Actually I think the explicit content of the training data is a lot more important than whatever spurious artifacts may or may not hypothetically arise as a result of training. I think most of the AI doom scenarios that say “the AI might be learning to like curly wire shapes, even if these shapes are not explicitly in the training data nor loss function” are the type of scenario you just described, “something that technically makes a difference but in practice the marginal gain is so negligible you are wasting time to even consider it.“
The “accidental taste for curly wires” is a steel man position of the paperclip maximizer as I understand it. Eliezer doesn’t actually think anybody will be stupid enough to say “make as many paper clips as possible”, he worries somebody will set up the training process in some subtly incompetent way, and then aggressively lie about the fact that it likes curly wires until it is released, and it will have learned to hide from interpretability techniques.
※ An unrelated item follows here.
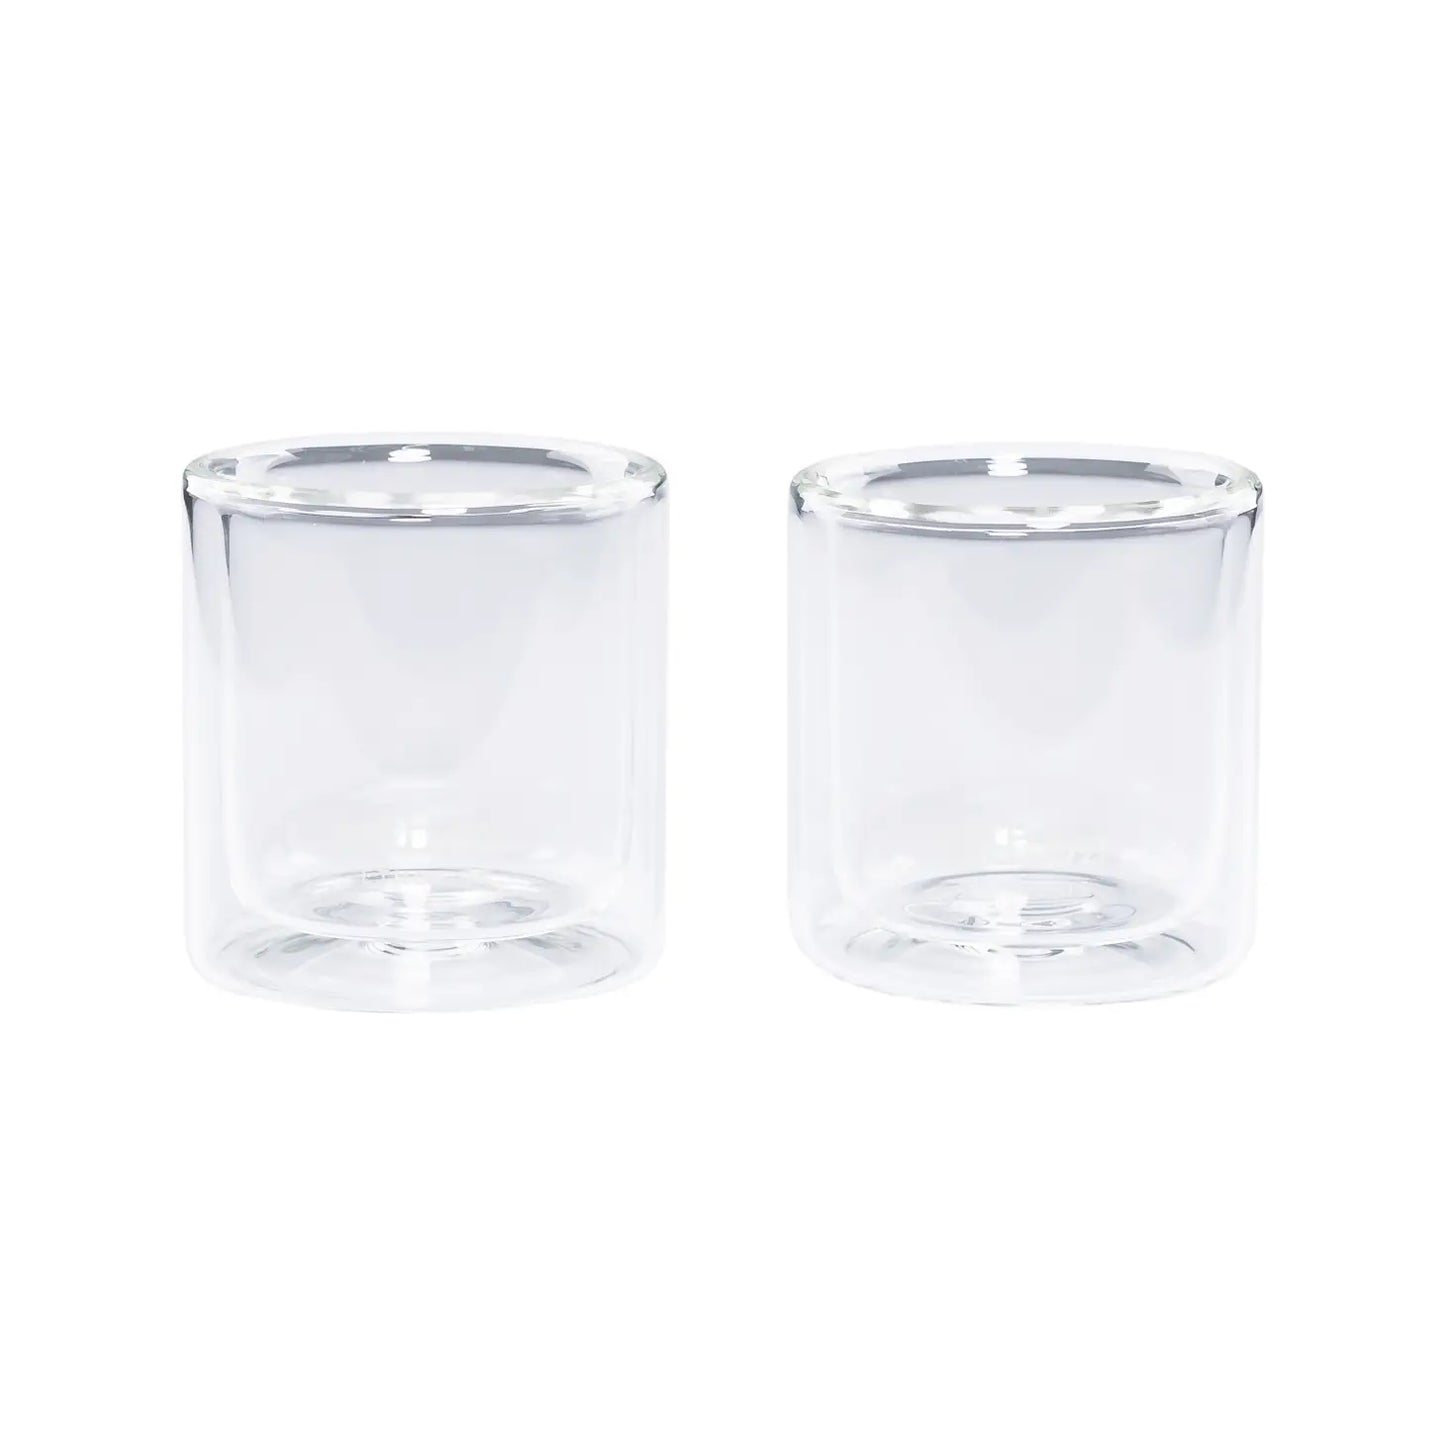 Ethos Double Wall Glass Cup - Set of 2

I definitely believe alignment research is important, and I am heartened when I see high-quality, thoughtful papers on interpretability, RLHF, etc. But then I hear Eliezer worrying about absurdly convoluted scenarios of minimal probability, and I think wow, that is “something that technically makes a difference but in practice the marginal gain is so negligible you are wasting time to even consider it”, and it’s not just a waste of time, he wants to shut down the GPU clusters and cancel the greatest invention humanity ever built, all over “salt in the pasta water”.
Was referring to “let’s not post ideas in case an AGI later reads the post and decides to act on it”. Either we built stable tool systems who are unable to act in that way (see CAIS) or we are probably screwed so whatever. Also even if you suppress yourself if an AGI is looking for ideas on badness it can probably derive anything necessary to solve the problem.